A flurry of fighting followed HB 2793 all the way from its committee passage to the governor's desk, and Howell said the law could sting customers if the Mississippi Public Service Commission OKs the pre-pay clause.

"We feel that the responsibility for financing the construction needs to be on the company and its shareholders, and that customers should not have to serve as the bankers for the company," Howell said, adding that he expected customers' electric bills to jump $10 or $20 a month.

In addition to forcing customers to finance a new power plant, HB 2793 also makes no provisions for reimbursement should the plant never reach completion. And judging by recent events, plans for similar plants have a habit of collapsing.

The New York Power Authority announced it was halting plans for a 680-megawatt IGCC plant clean-coal facility in western New York last July. NYPA officials said the electricity produced by the plant would be too expensive specifically because of the same IGCC technology Mississippi Power is proposing to use in Kemper County.

Southern Company, the parent company for Mississippi Power, announced in 2007 that it was canceling construction of another IGCC plant in Florida. Southern Company said in a 2007 press release that the decision was driven by continuing uncertainty surrounding potential state regulations relating to greenhouse gas emissions.

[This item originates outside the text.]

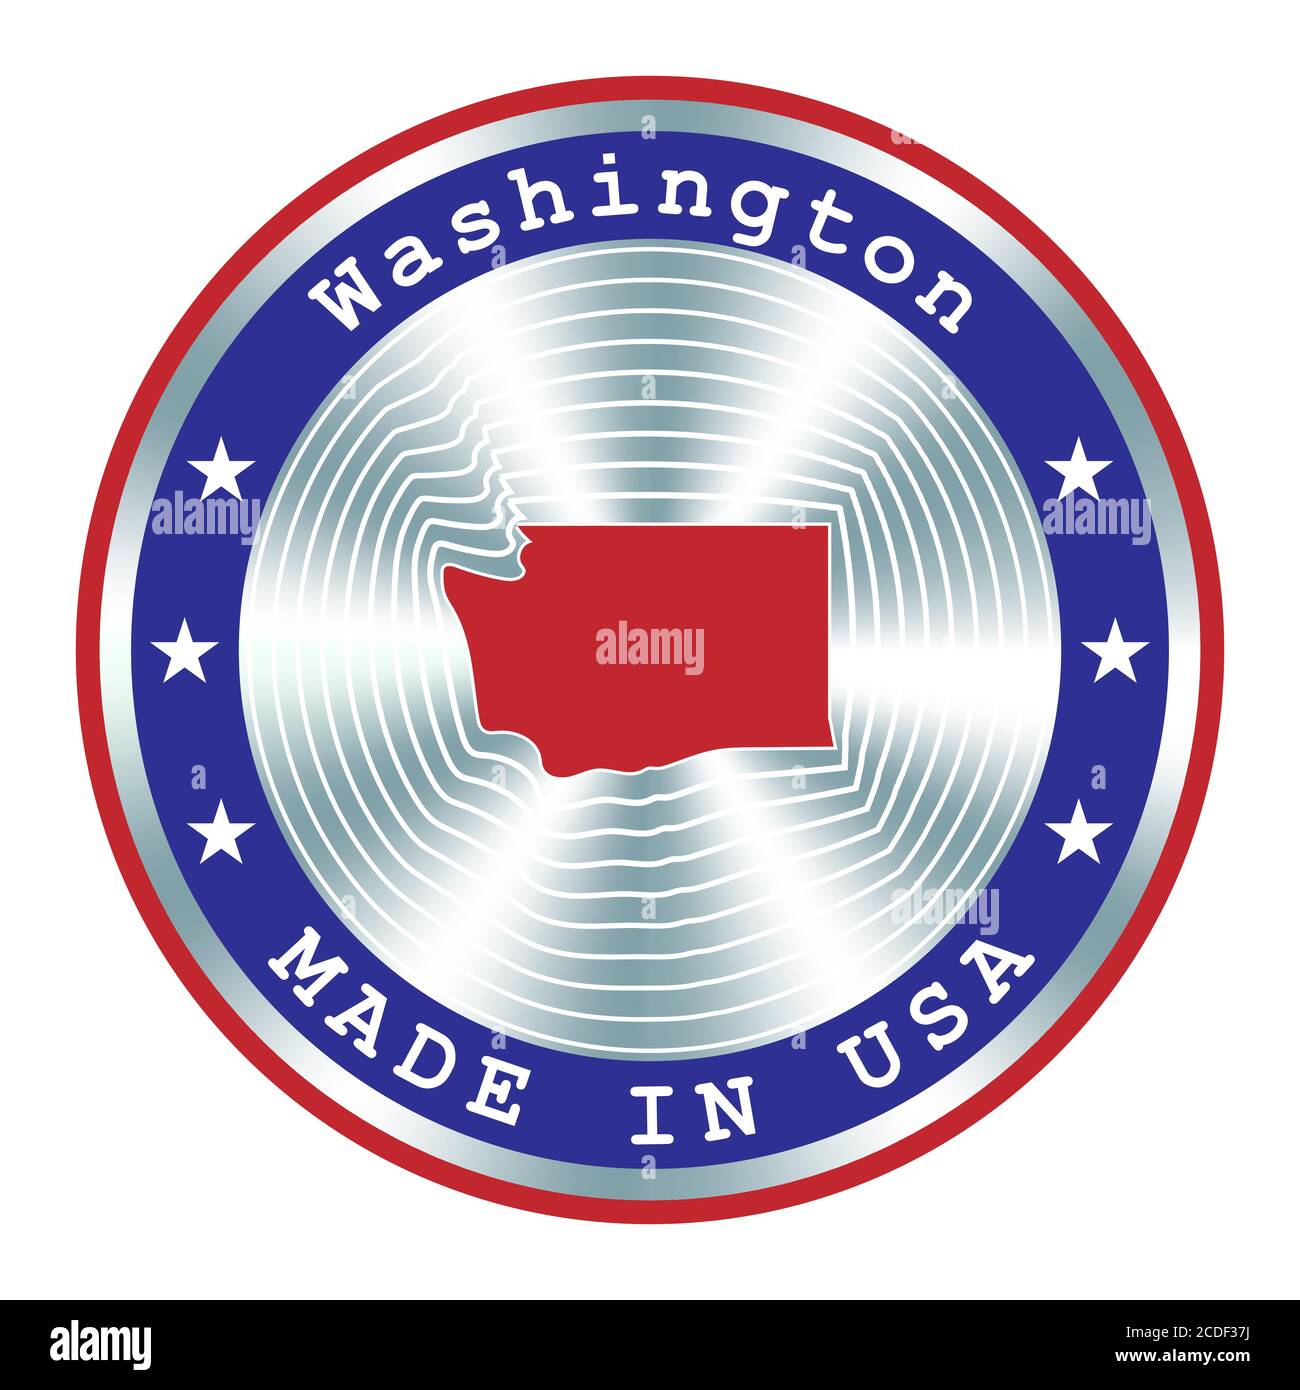 Hergestellt in Washington lokale Produktion Schild, Aufkleber, Siegel, Stempel. Rundes Hologramm-Schild für Etikettendesign und nationales USA-Marketing Stock Vektor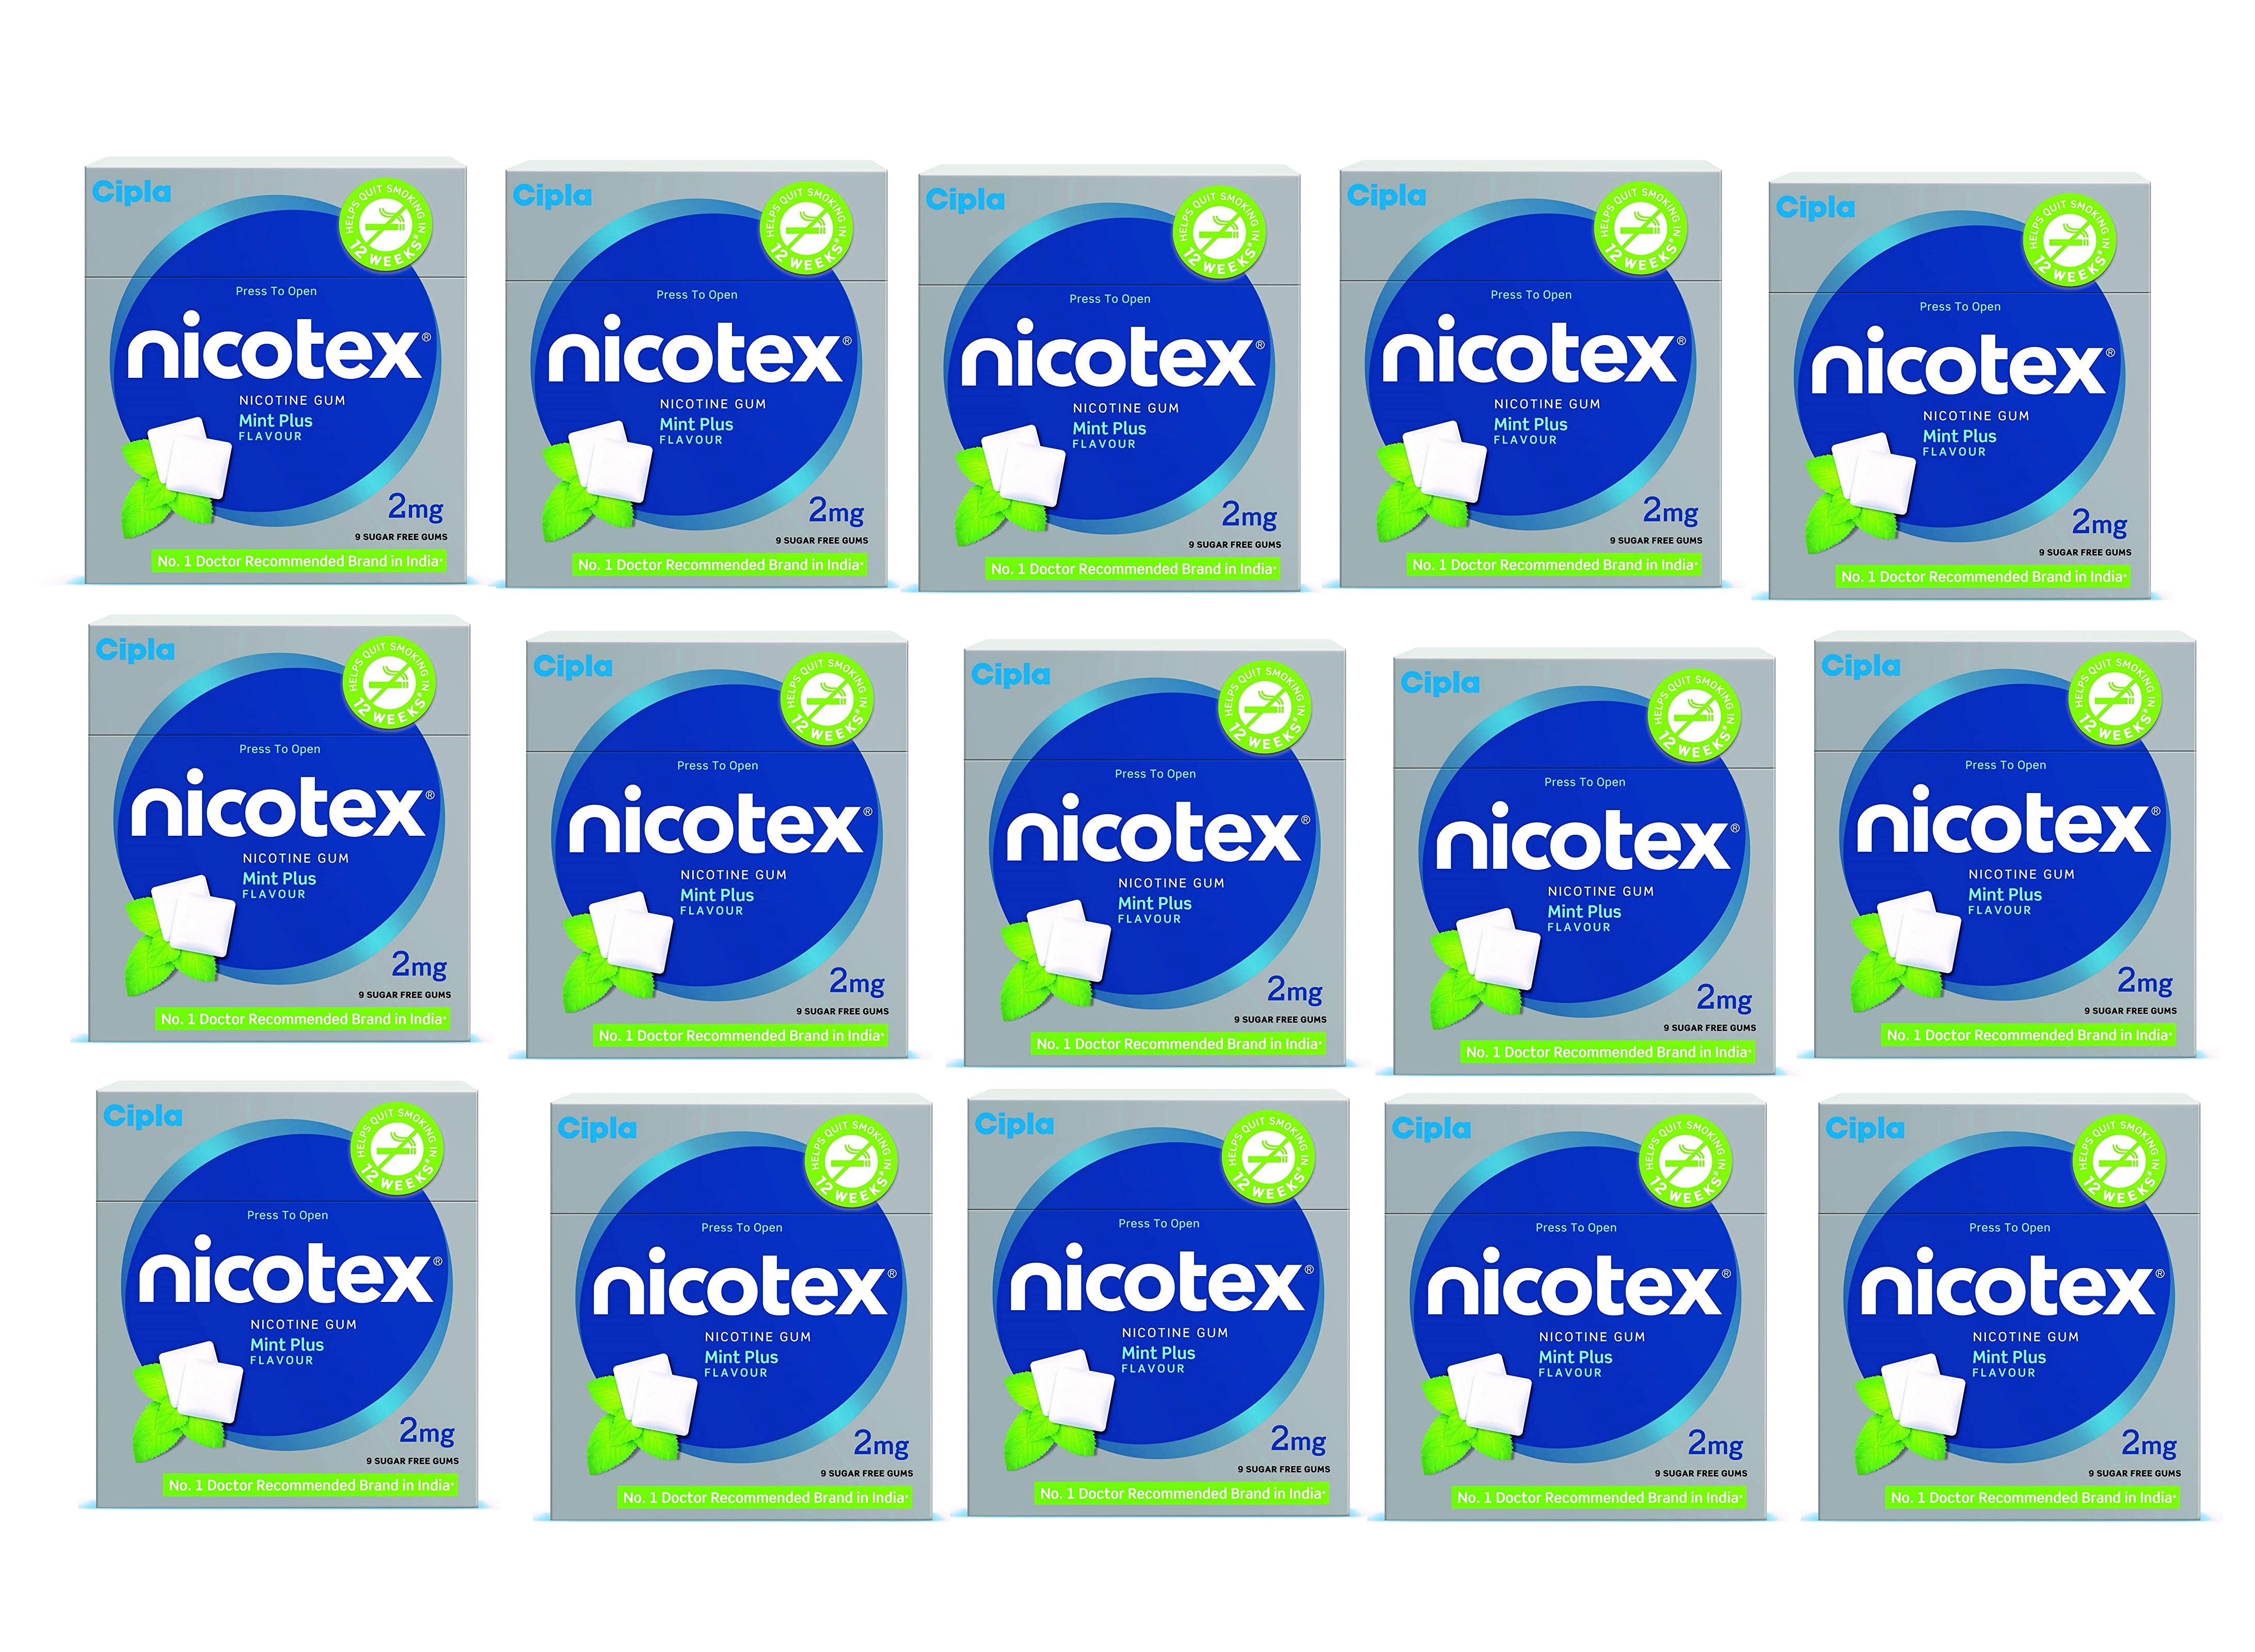 Nicotex 2mg mint plus Flavour 15 boxes

One continuing uncertainty is whether or not the new president's administration will recognize carbon emissions as a pollutant. President Barack Obama told voters during his 2008 campaign that he believed increased carbon emissions were raising the Earth's temperature. The Bush administration refused to acknowledge the issue and ordered the Environmental Protection Agency to ignore CO2 as a pollutant, but Miller said times are changing.

"The last thing EPA Administrator Steven Johnson did before the door hit him on the ass was to issue a memo, as part of a review for a proposed coal-fired power-plant expansion in Utah, which kicked carbon dioxide from the list of pollutants the government had to regulate under the Clean Air Act. But the courts are already saying that they're not accepting his version of reality," Miller said.

Mississippi Public Service Commissioners Lynn Posey and Brandon Presley refused to offer their approval or disapproval of Mississippi Power's request, which they will hear in April. Presley said he was nervous about the pre-pay clause of the application, however.

"That part of it just gives me heartburn," Presley said. "That's something that we've got to closely look at because it deserves scrutiny. It deserves proper attention because they're trying to charge ratepayers for something that they ain't got, yet. It would be like you being asked to pay for something up front that you don't have. It worries people, but I'm not making any predeterminations yet.